We have duly prepared a draft revised code of practice, and this order seeks Parliament’s approval to bring the revisions we have made to the existing code of practice into force.
I will now set out the nature of the revisions the Government have made. The primary update to the code of practice is the incorporation of the new stop and search power provided for by Section 43C of the Terrorism Act 2000. The revised code sets out important parameters that govern the use of the Section 43C power and provides clarity for police officers on the power’s scope. This includes providing guidance on the thresholds to be met before the section 43C power can be used, scenarios in which it might be appropriate for use and the powers of seizure associated with the search power.
We have also set out clearly within the revised code the limitations on the clothing that a person can be required to remove when the Section 43C power is being exercised by the police. In keeping with existing stop and search powers, police officers exercising the Section 43C power may not compel a person to remove any clothing in public except for an outer coat, a jacket or gloves, and an intimate search may not be authorised or carried out under the new power.

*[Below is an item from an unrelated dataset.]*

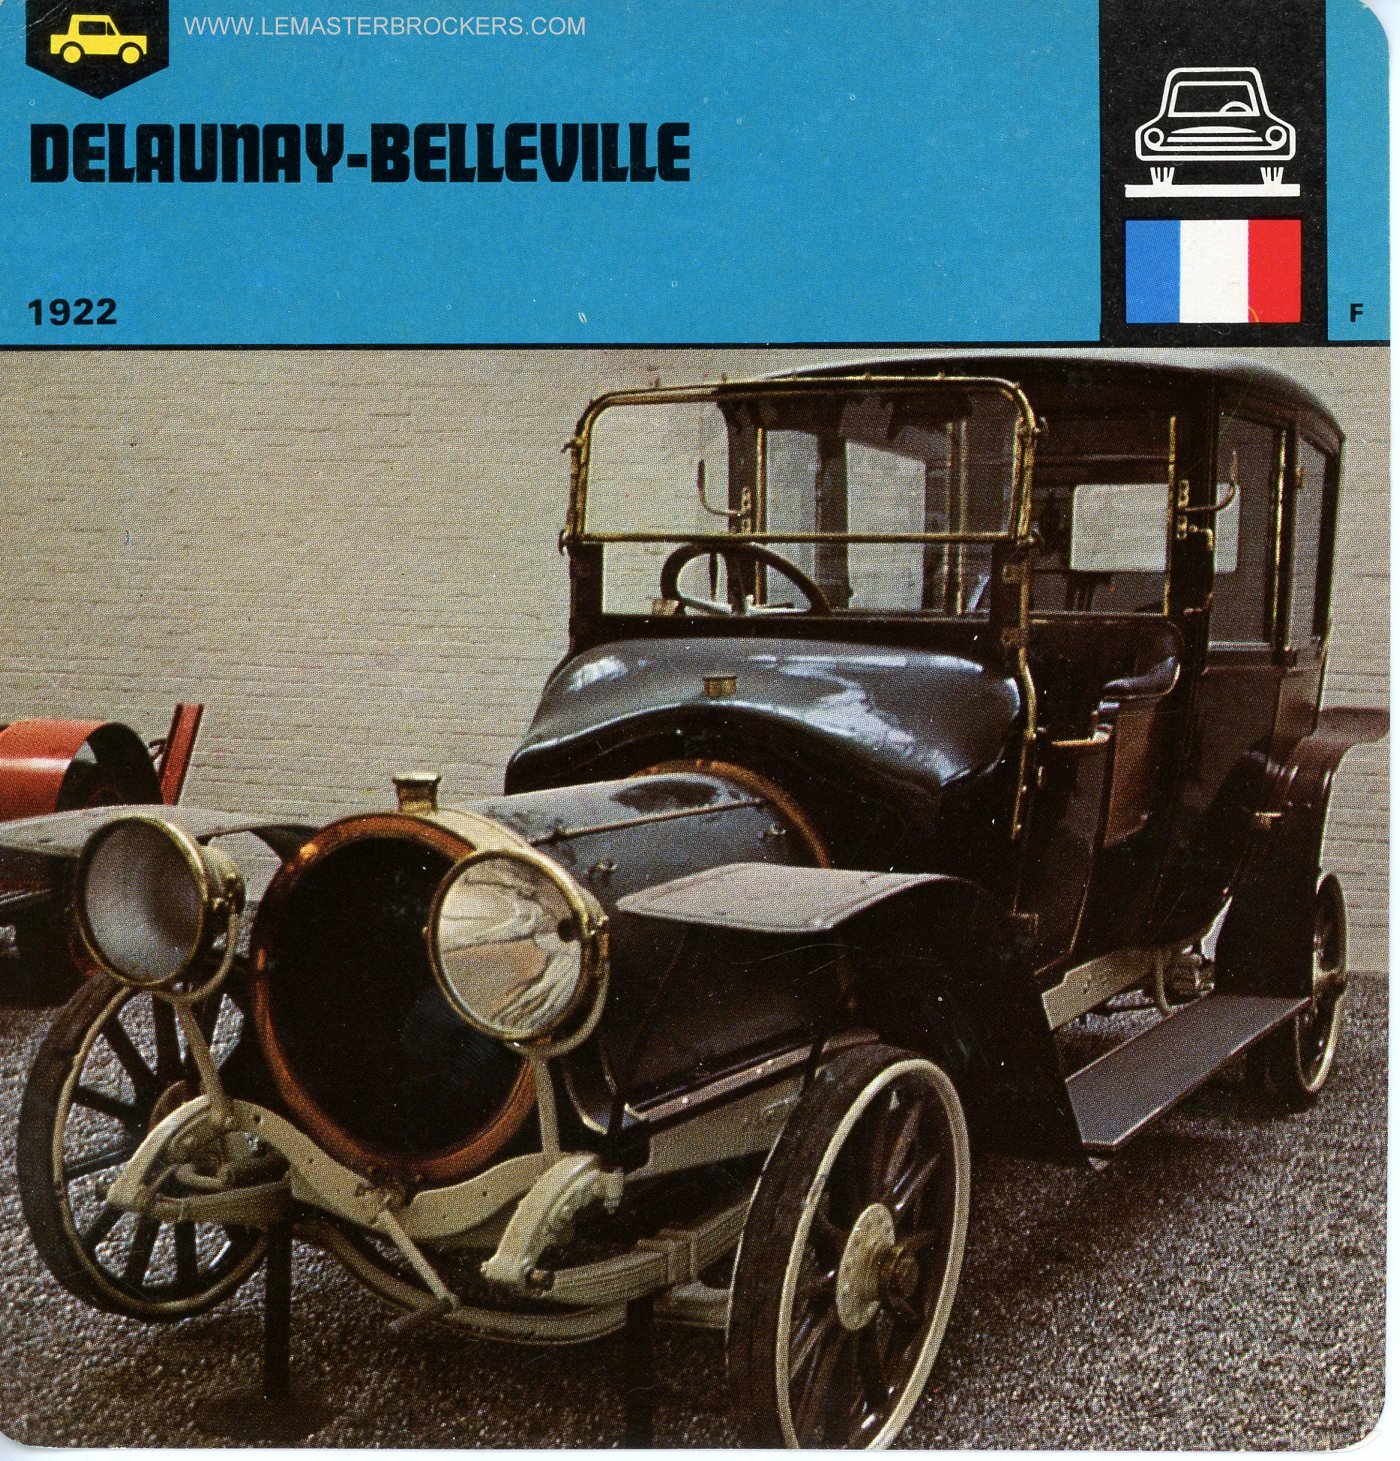 FICHE AUTO DEMAUNAY BELLEVILLE 1922

The new Section 43C stop and search power has been specifically created to help manage the risk posed by terrorist offenders on licence who are assessed to be high or very high risk to the public. The Government plan to collect data from police forces on the use of this targeted power, as we routinely do for other stop and search powers, and make this data publicly available through future statistical publications.
Given that the existing version of the code was brought into force in 2012, the Government have also taken this opportunity to make other minor changes to the code to ensure that it accurately reflects current practice, legislation, terminology and organisational responsibilities. The updated code reflects the creation of police and crime commissioners and structural changes to other police authorities, including the creation of authorities overseeing combined police areas.
We have also ensured that organisational names have been updated, for example replacing previous references to the Association of Chief Police Officers’ counterterrorism co-ordination centre—it does not trip off the tongue—with up-to-date references to the Counter Terrorism Policing national operations centre.
The revised code also includes a new paragraph which references the Children Act 2004, and its Scottish equivalent, to highlight the need for the police to ensure that in the discharge of their functions they have regard to the need to safeguard and promote the welfare of all persons under the age of 18. Although this is not a new policy, the Government considered it important when revising the code for safeguarding duties such as this to be made explicit.
In addition, we have used this opportunity to make other minor but necessary amendments, such as updating links and contact details within the code, including refreshing the web address where the most up-to-date version of the Government’s counterterrorism strategy, known as Contest, can be found.
In the course of revising the code, the Home Office has consulted the Lord Advocate and other appropriate persons and organisations, including the Independent Reviewer of Terrorism Legislation, Counter Terrorism Policing and Police Scotland, all of which are supportive of the approach being taken.
The revised code promotes the fundamental principles to be observed by the police and helps preserve the effectiveness of, and public confidence in, the use of police powers to stop and search under the Terrorism Act 2000. I very much hope that noble Lords will support these alterations to the code of practice.
My Lords, I congratulate the Minister on his elevation to Home Office Minister. If it were me, I would also be thinking, “Oh goodness, what have I done?”, but I am sure he will be excellent in his new role. I thank him for explaining this order. As when we considered the primary legislation that lies behind this order, clearly we are supportive of the changes in the legislation. We know from the tragedy at Fishmongers’ Hall how the risk posed by offenders on licence is an inexact science. These additional powers for the police to stop and search people on licence on the recommendation of the Parole Board are an important tool in trying to manage that risk and act as a deterrent to those on licence from carrying out the sort of appalling attacks that we saw at Fishmongers’ Hall.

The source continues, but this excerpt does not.